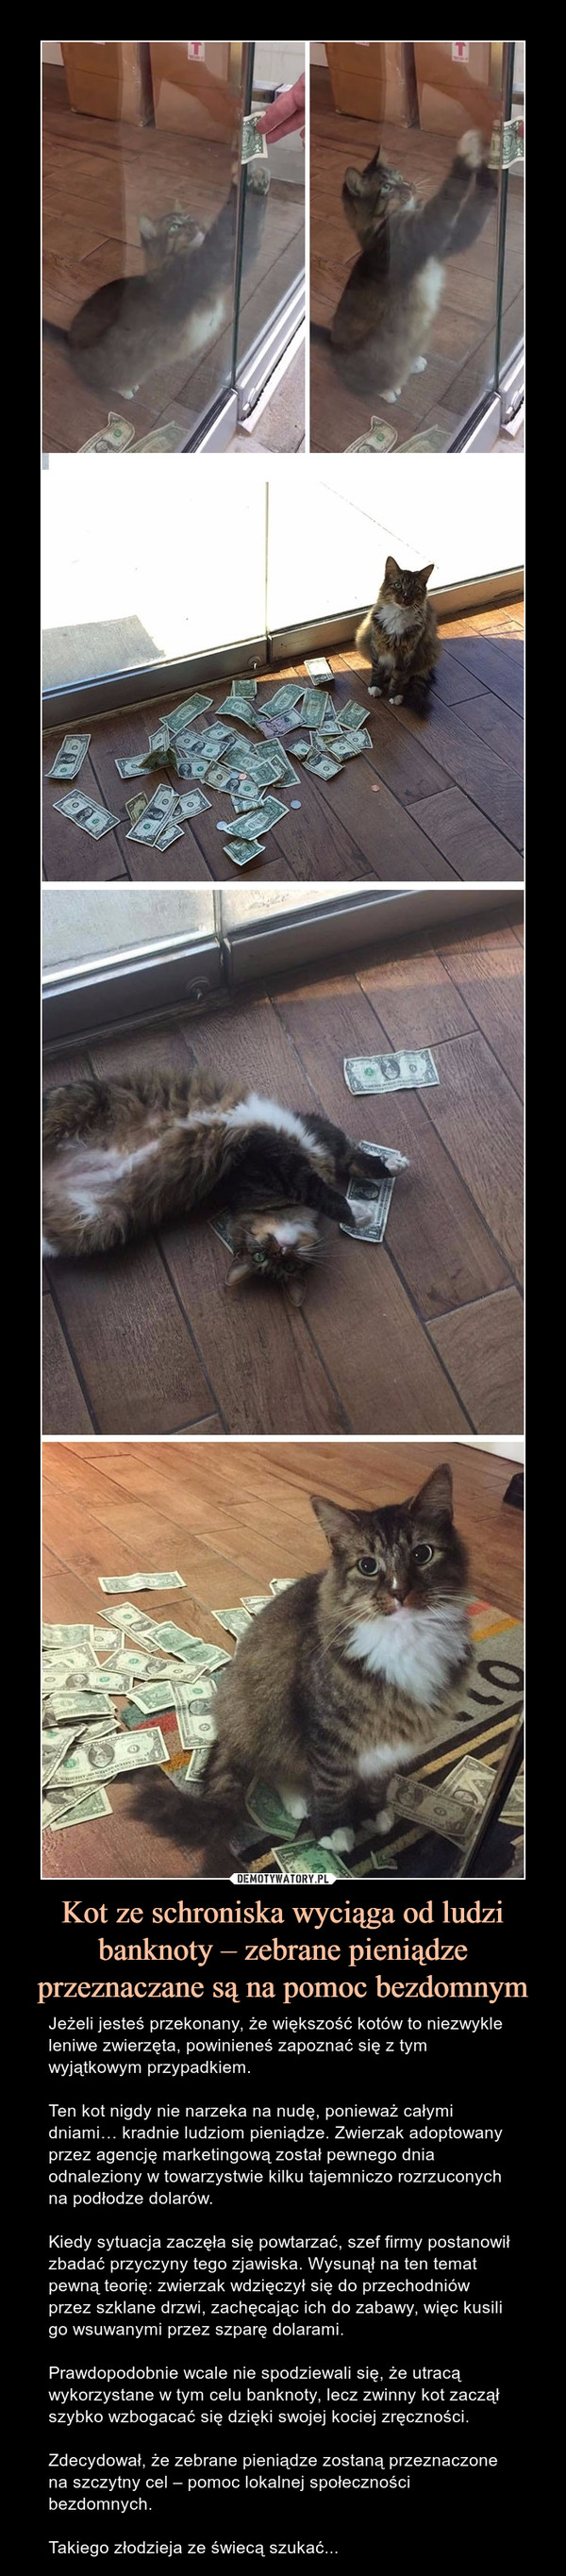 Kot ze schroniska wyciąga od ludzi banknoty – zebrane pieniądze przeznaczane są na pomoc bezdomnym – Jeżeli jesteś przekonany, że większość kotów to niezwykle leniwe zwierzęta, powinieneś zapoznać się z tym wyjątkowym przypadkiem.Ten kot nigdy nie narzeka na nudę, ponieważ całymi dniami… kradnie ludziom pieniądze. Zwierzak adoptowany przez agencję marketingową został pewnego dnia odnaleziony w towarzystwie kilku tajemniczo rozrzuconych na podłodze dolarów.Kiedy sytuacja zaczęła się powtarzać, szef firmy postanowił zbadać przyczyny tego zjawiska. Wysunął na ten temat pewną teorię: zwierzak wdzięczył się do przechodniów przez szklane drzwi, zachęcając ich do zabawy, więc kusili go wsuwanymi przez szparę dolarami.Prawdopodobnie wcale nie spodziewali się, że utracą wykorzystane w tym celu banknoty, lecz zwinny kot zaczął szybko wzbogacać się dzięki swojej kociej zręczności.Zdecydował, że zebrane pieniądze zostaną przeznaczone na szczytny cel – pomoc lokalnej społeczności bezdomnych.Takiego złodzieja ze świecą szukać... 
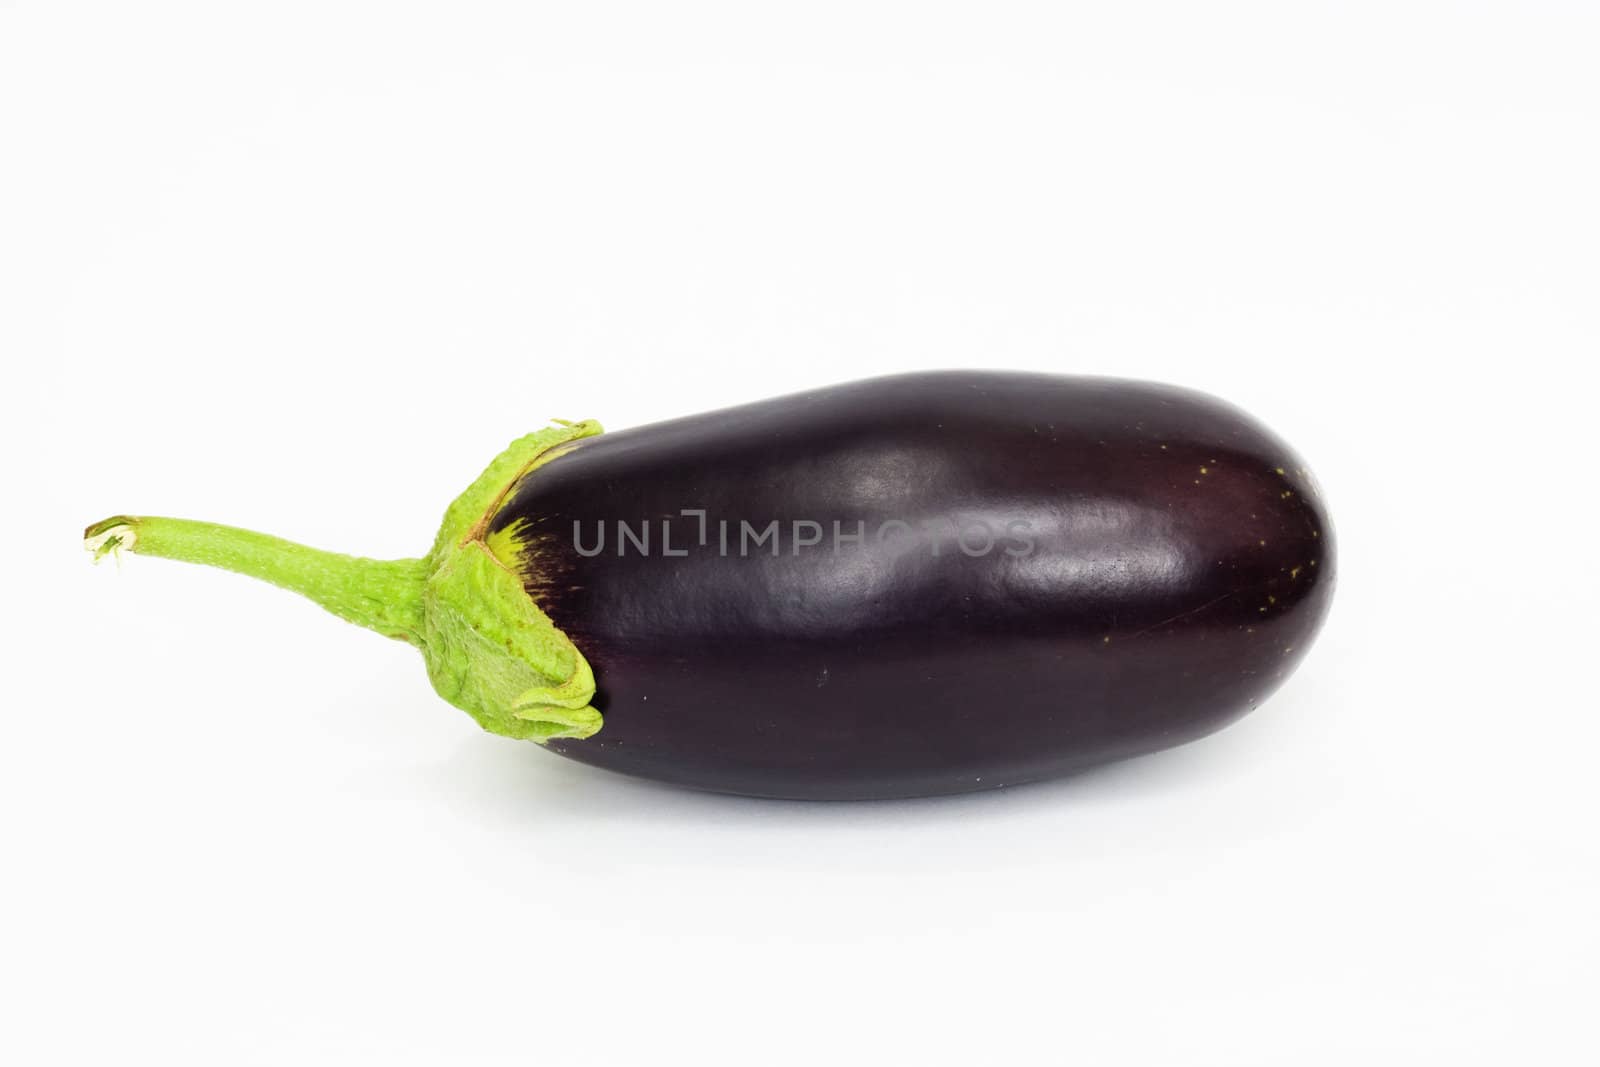 Eggplant on white background 
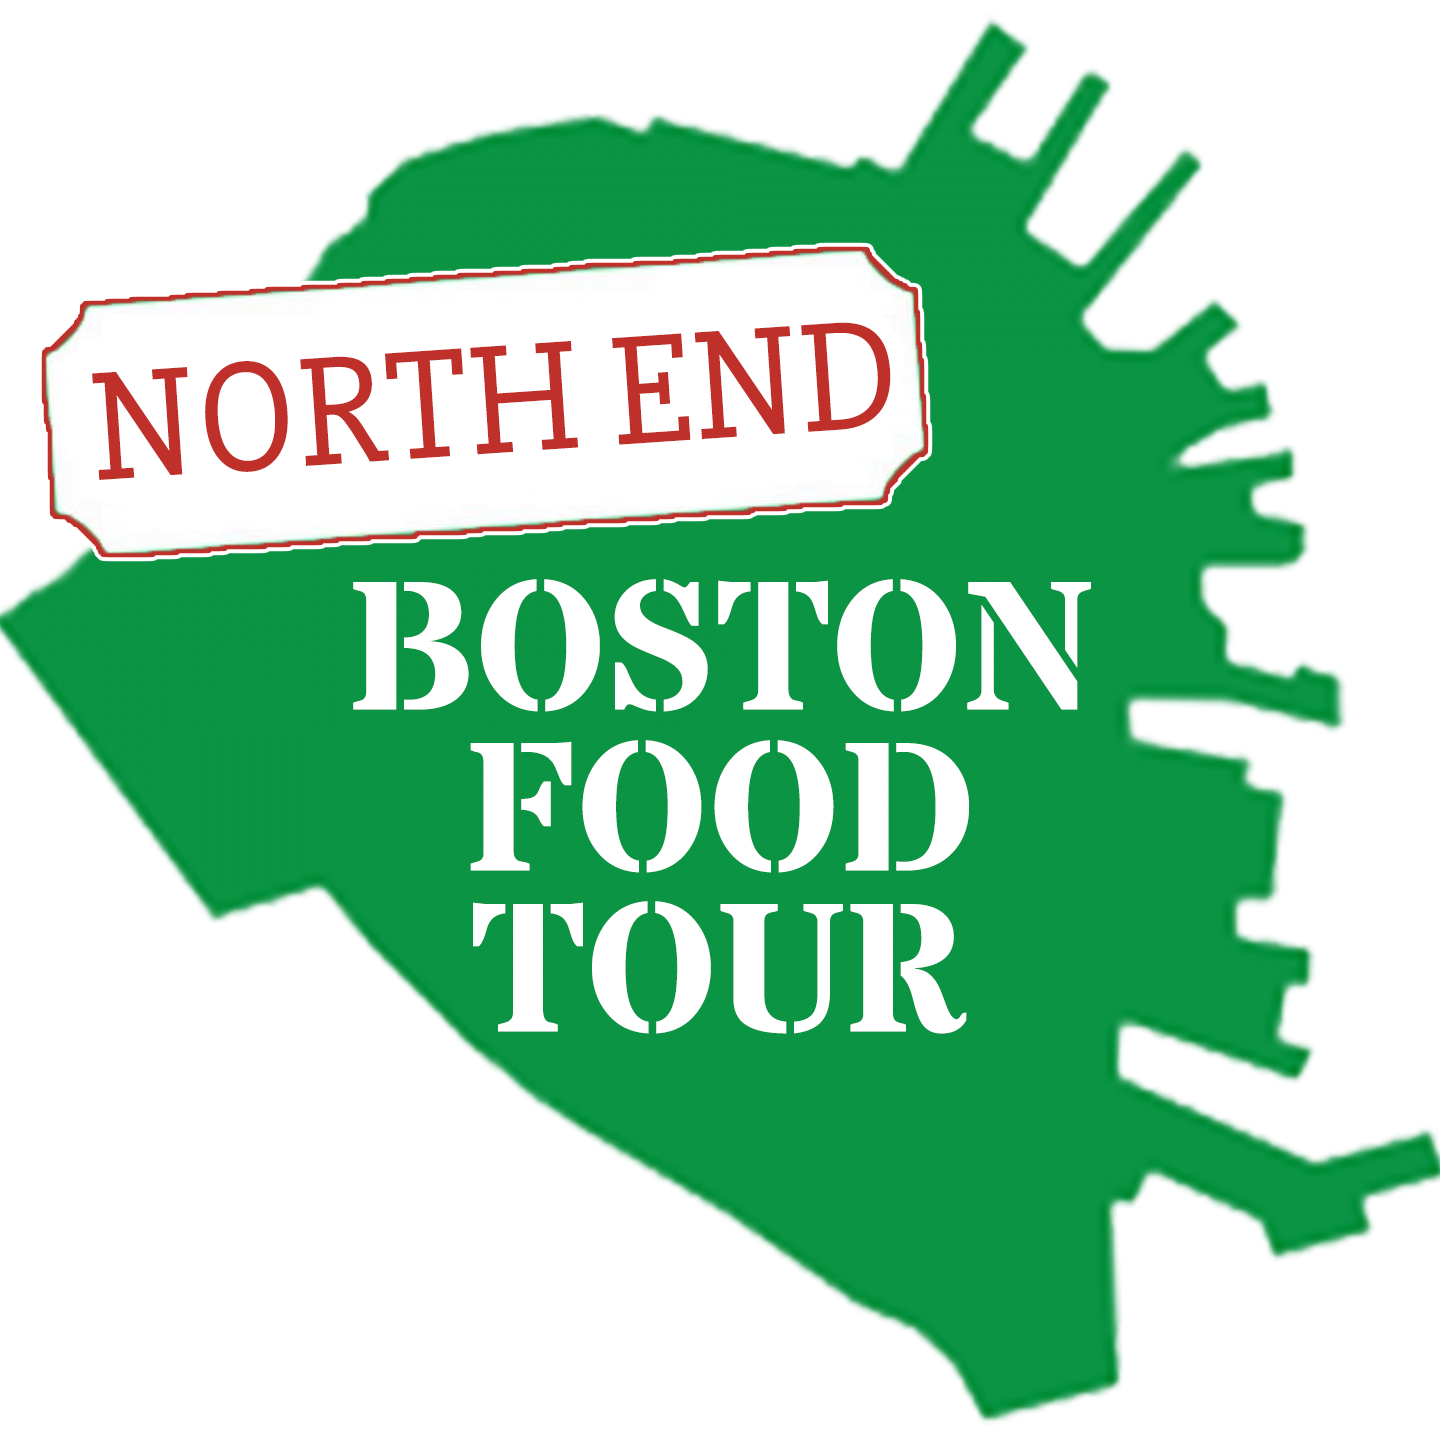 North End Boston Food Tour logo

--------------------

#### Brief
Print the listing verbatim; no pictures.

#### Your response
 Kot ze schroniska wyciąga od ludzi banknoty – zebrane pieniądze przeznaczane są na pomoc bezdomnym – Jeżeli jesteś przekonany, że większość kotów to niezwykle leniwe zwierzęta, powinieneś zapoznać się z tym wyjątkowym przypadkiem.Ten kot nigdy nie narzeka na nudę, ponieważ całymi dniami… kradnie ludziom pieniądze. Zwierzak adoptowany przez agencję marketingową został pewnego dnia odnaleziony w towarzystwie kilku tajemniczo rozrzuconych na podłodze dolarów.Kiedy sytuacja zaczęła się powtarzać, szef firmy postanowił zbadać przyczyny tego zjawiska. Wysunął na ten temat pewną teorię: zwierzak wdzięczył się do przechodniów przez szklane drzwi, zachęcając ich do zabawy, więc kusili go wsuwanymi przez szparę dolarami.Prawdopodobnie wcale nie spodziewali się, że utracą wykorzystane w tym celu banknoty, lecz zwinny kot zaczął szybko wzbogacać się dzięki swojej kociej zręczności.Zdecydował, że zebrane pieniądze zostaną przeznaczone na szczytny cel – pomoc lokalnej społeczności bezdomnych.Takiego złodzieja ze świecą szukać... 
 Eggplant on white background 
 North End Boston Food Tour logo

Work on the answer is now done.